+++ Stored data +++

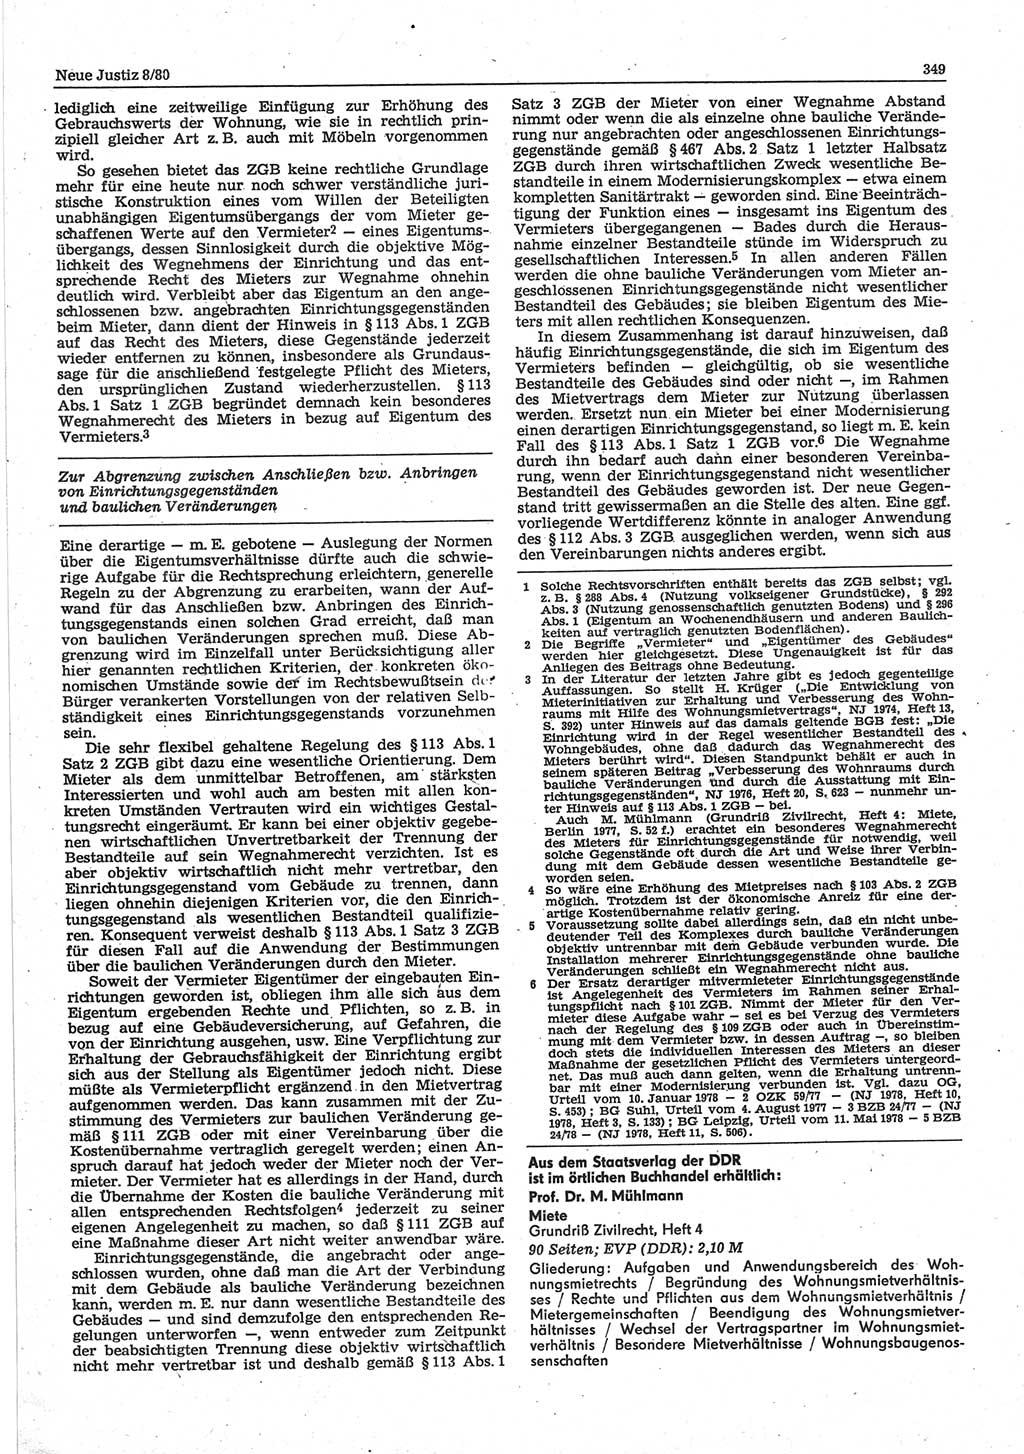 Neue Justiz (NJ), Zeitschrift für sozialistisches Recht und Gesetzlichkeit [Deutsche Demokratische Republik (DDR)], 34. Jahrgang 1980, Seite 349 (NJ DDR 1980, S. 349)
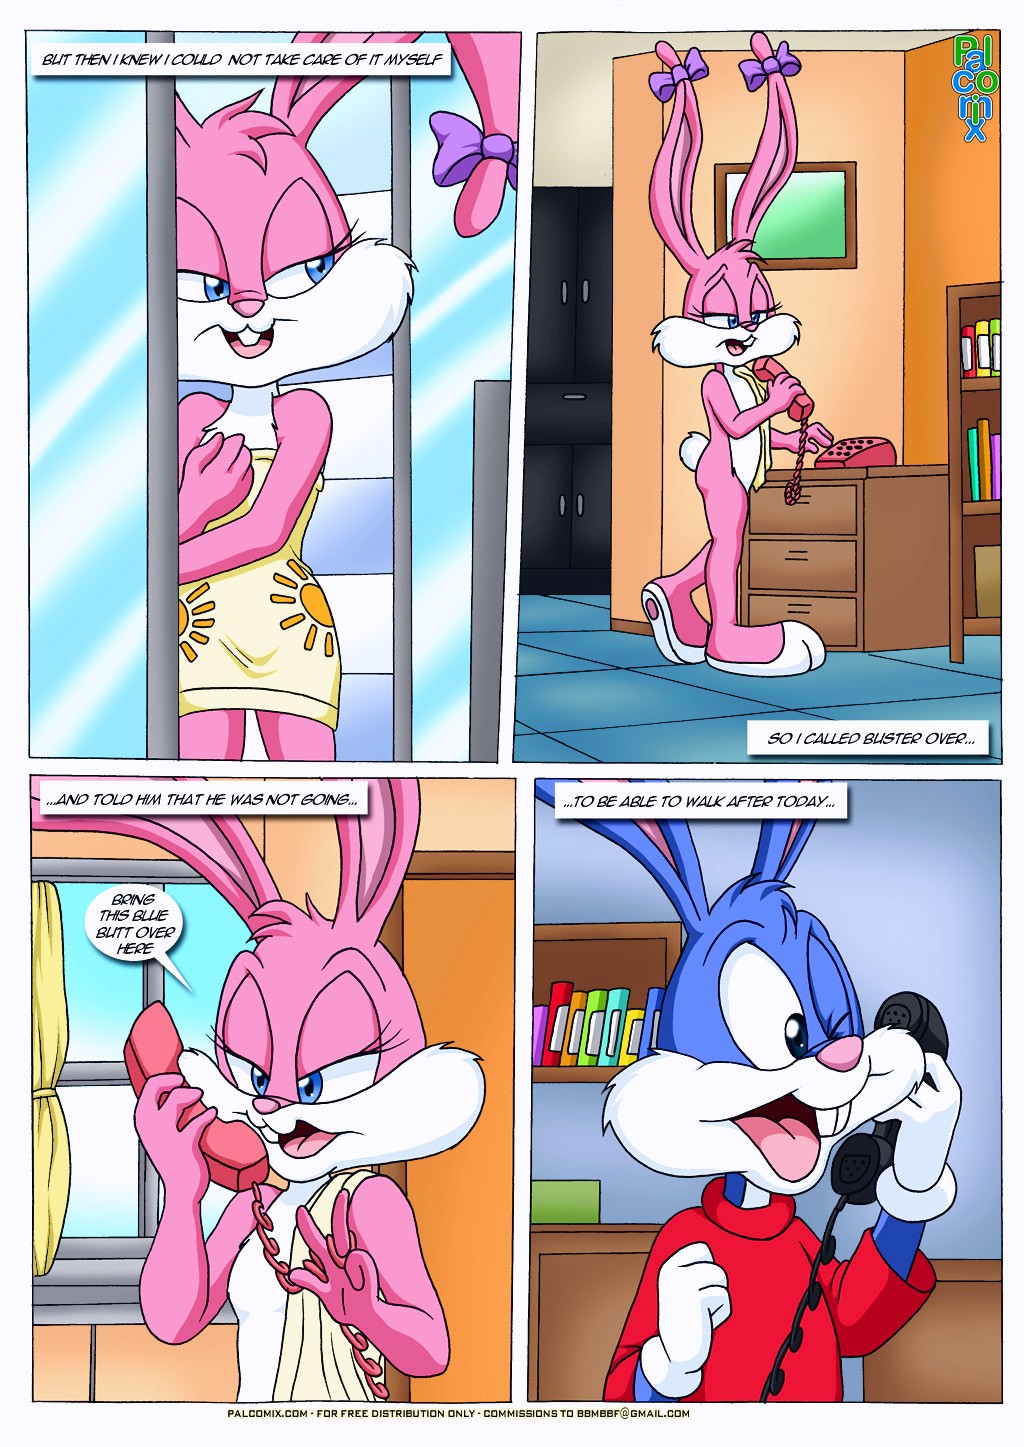 Babs Bunny Porn - Babs in Heat porn comic - the best cartoon porn comics, Rule 34 | MULT34
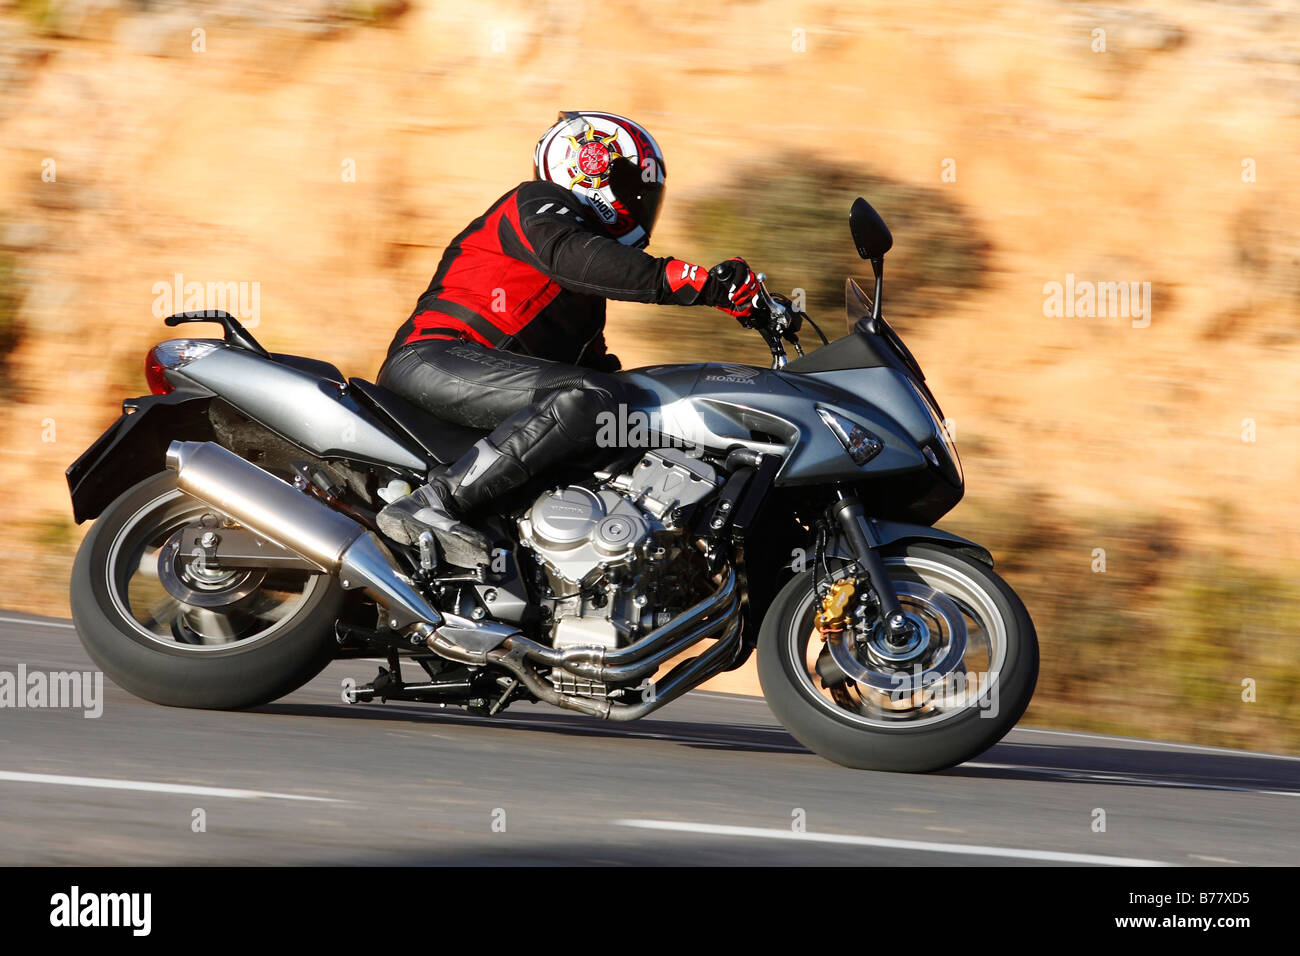 Motorbike, Honda CBF 600, panning Stock Photo

+++

Give back the material above exactly, with each picture removed.

 Neue Justiz (NJ), Zeitschrift für sozialistisches Recht und Gesetzlichkeit [Deutsche Demokratische Republik (DDR)], 34. Jahrgang 1980, Seite 349 (NJ DDR 1980, S. 349)
 Babs Bunny Porn - Babs in Heat porn comic - the best cartoon porn comics, Rule 34 | MULT34
 Motorbike, Honda CBF 600, panning Stock Photo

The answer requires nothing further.